« Chronique des pompiers pyromanes » Ma tribune du 08.04.17

Manuel Valls vient d’emboîter le pas de nombreux députés soi-disant « réformateurs » du Parti socialiste en se ralliant officiellement à Emmanuel Macron. Il justifie sa démarche en arguant du fait que seule la candidature du leader d’En marche permettra de faire barrage au Front national, en rassemblant au-delà des« clivages » traditionnels devenus, selon lui inopérants.

Sans polémiquer sur la démarche de ces élus sans doute soucieux de leur réélection et adoptant ainsi une stratégie chère à Edgar Faure (« Ce n’est pas la girouette qui tourne, c’est le vent ! »), il n’est pas inutile de rappeler ici une évidence : à chaque fois que le Parti socialiste a exercé le pouvoir, le Front national a franchi des étapes capitales dans son ancrage politique.

Crédité d’à peine 0,75% des voix lors de l’élection présidentielle de 1974, le parti frontiste a réellement émergé sous le premier septennat de François Mitterrand, en obtenant d’abord ses premiers élus lors de élections municipales de 1983 puis un groupe parlementaire de 35 députés élus à la promotionnelle en 1986.

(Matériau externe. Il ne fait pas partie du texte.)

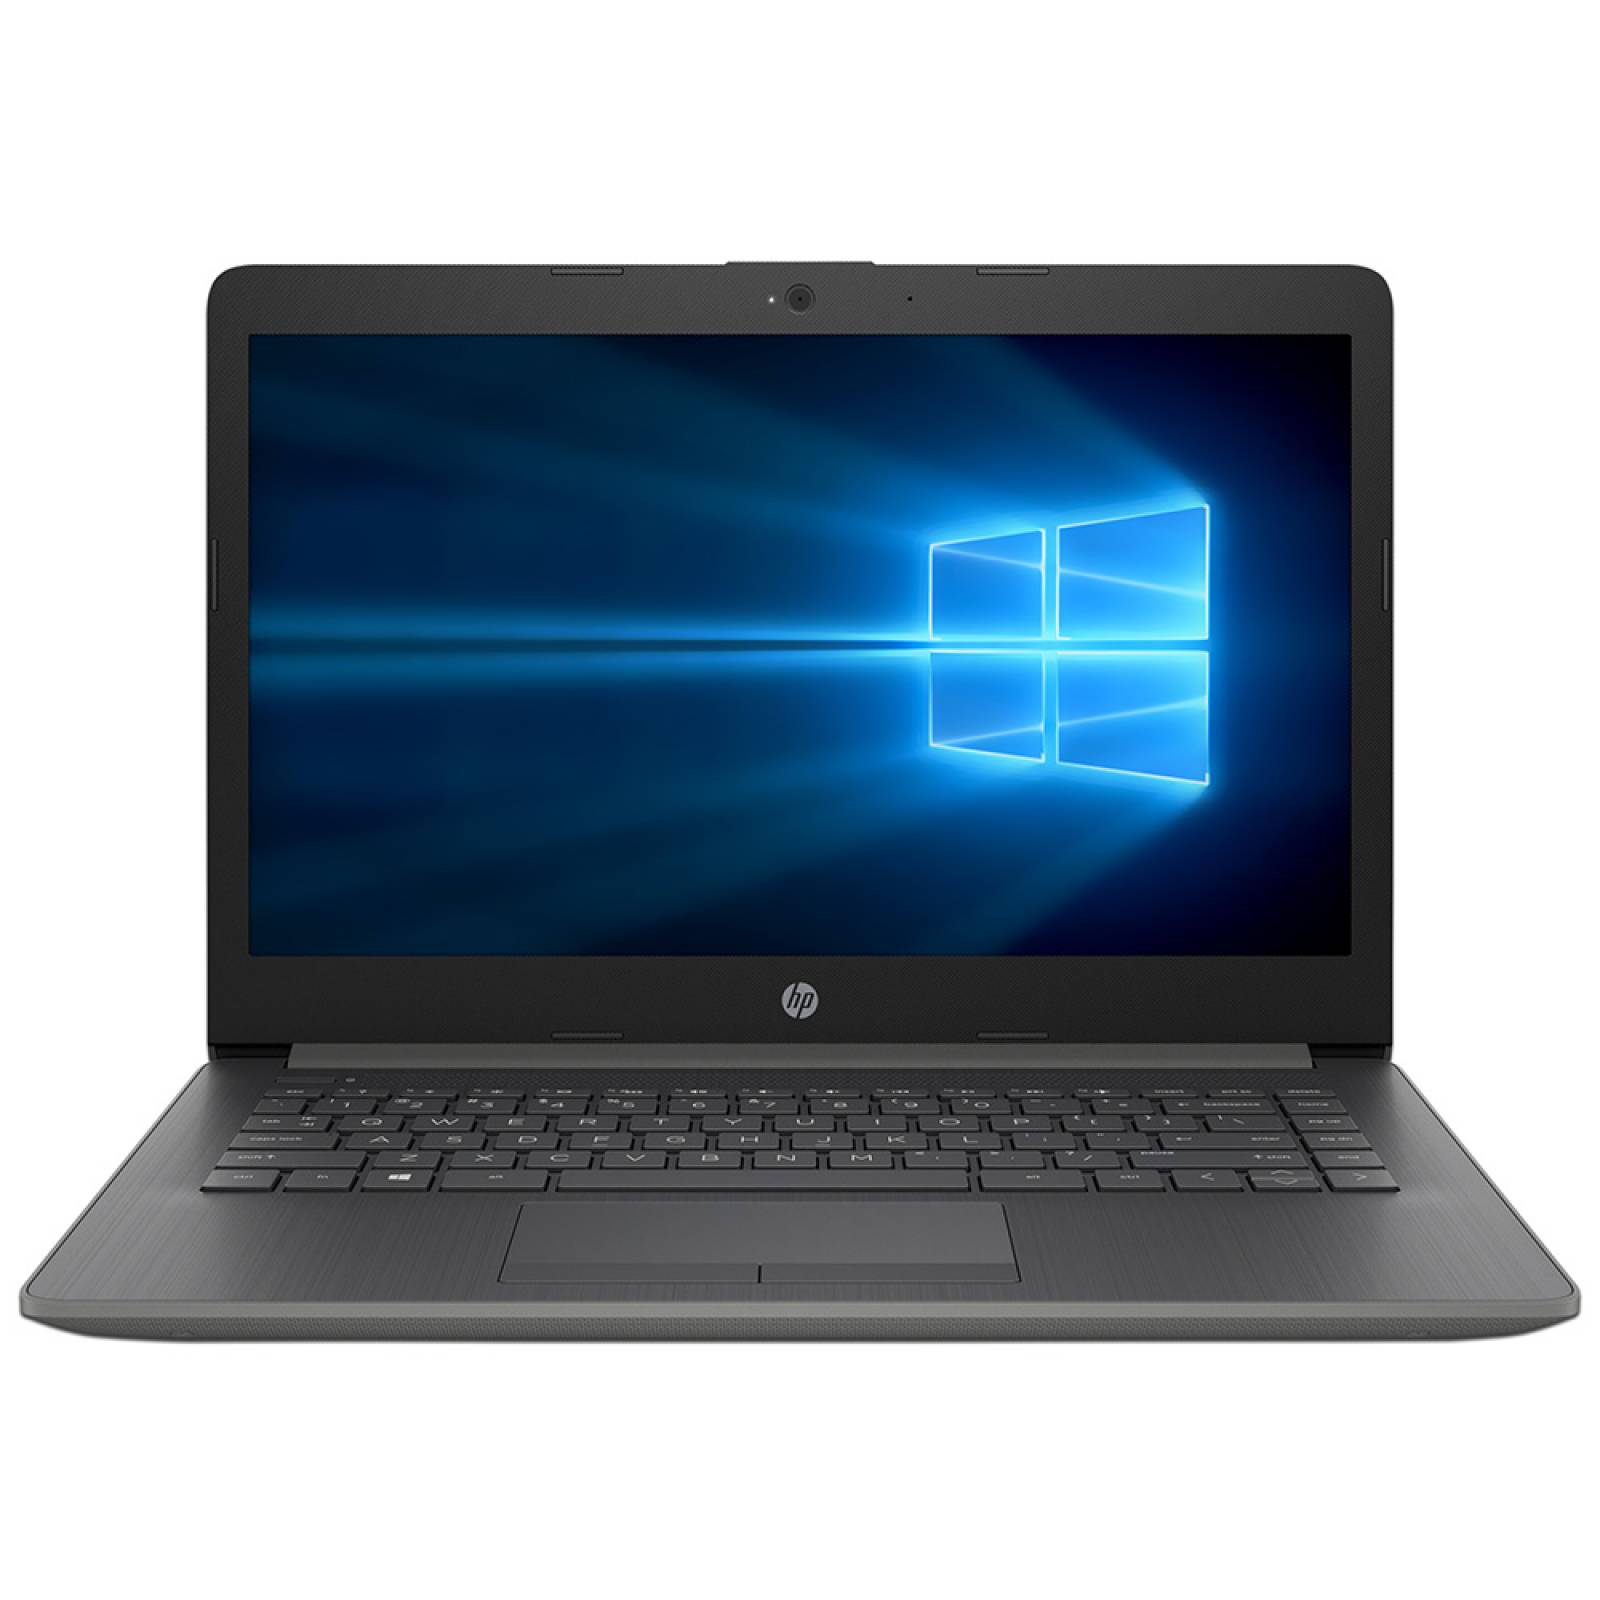 Laptop HP 14-ck1022la Procesador Intel Core i5 8265U Memoria de 4GB DDR4 Disco Duro de 1TB Pantalla de 14 pulgadas LED Video HD Graphics 620 S.O. Windows 10 Home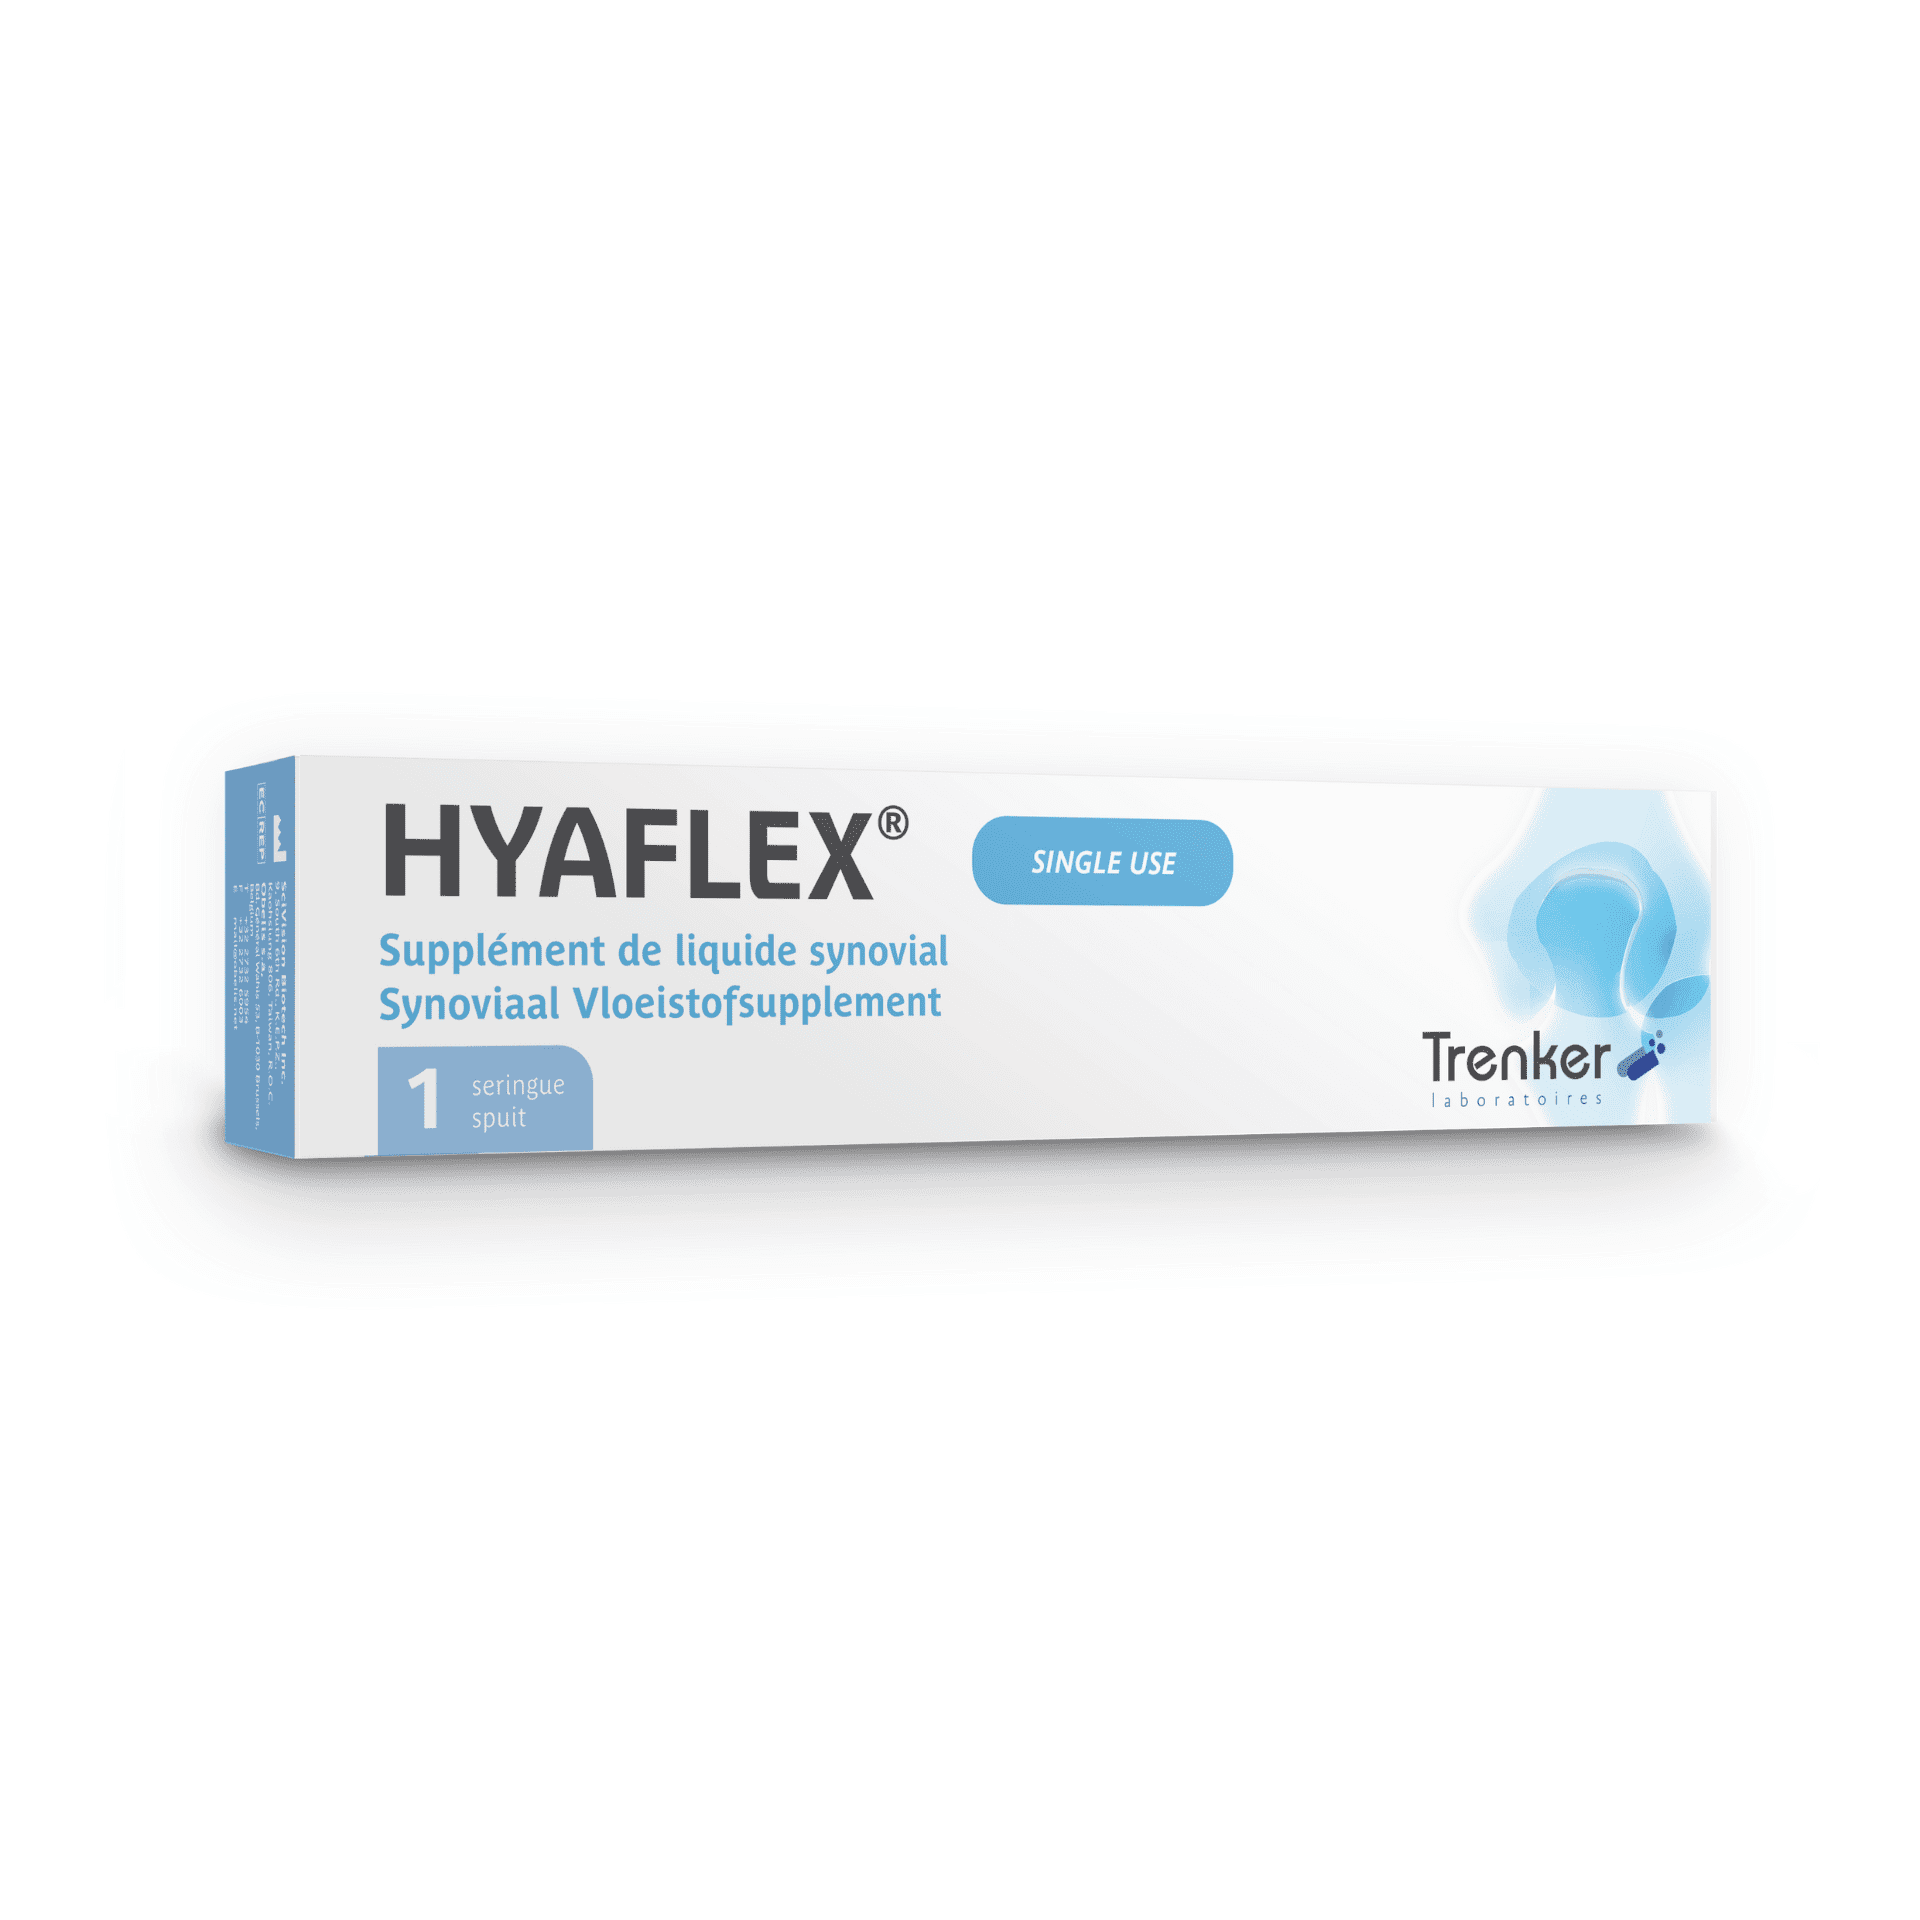 Trenker Hyaflex

Le coup de tonnerre du 21 avril 2002, qui a vu l’arrivée de Jean-Marie Le Pen au 2nd tour des présidentielles et l’élimination de Lionel Jospin, est intervenu quant à lui après 5 années de « Gauche plurielle ». Marginalisé en 2007, le Front national a de nouveau repris de la vigueur après l’arrivée au pouvoir de François Hollande, remportant haut la main les élections européennes de 2014 et frôlant la victoire dans deux régions lors des régionales de décembre 2015. Au total, le parti frontiste aura bondi de 10 points durant les trois premières années du quinquennat Hollande, passant de 17,9 % des voix aux présidentielles de 2012 à 27,7 % aux régionales de 2015, soit près de 7 millions d’électeurs.

Le constat est donc sans appel. Le Front national prospère surtout quand le PS est au pouvoir. Si on a pu accuser François Mitterrand d’avoir joué à l’apprenti sorcier avec le parti frontiste pour affaiblir la droite, c’est bel et bien la politique menée par François Hollande et son gouvernement depuis 5 ans qui est aujourd’hui responsable de la montée du FN. La division constante des Français, l’incapacité de l’ex-premier secrétaire du Parti socialiste à revêtir l’habit présidentiel, l’amateurisme des équipes au pouvoir, l’incohérence des politiques auront eu raison de la patience de beaucoup de nos compatriotes. Manuel Valls et les députés dits « réformateurs » ont naturellement participé à cette politique du pire, en votant les lois, en validant les budgets, en cautionnant les postures qui ont conduit la France dans cette impasse. En changeant de crèmerie, ils voudraient se racheter une virginité. Les électeurs ne se laisseront pas duper par cette supercherie.

Il serait donc bon que l’ancien premier ministre et ses amis députés fassent un peu leur examen de conscience avant de se mettre « En marche ». Il y a là une certaine indécence, digne d’un pompier pyromane ou d’un Tartuffe malhonnête, à nier la part de responsabilité qui est la leur pour sauver un fauteuil à l’Assemblée nationale.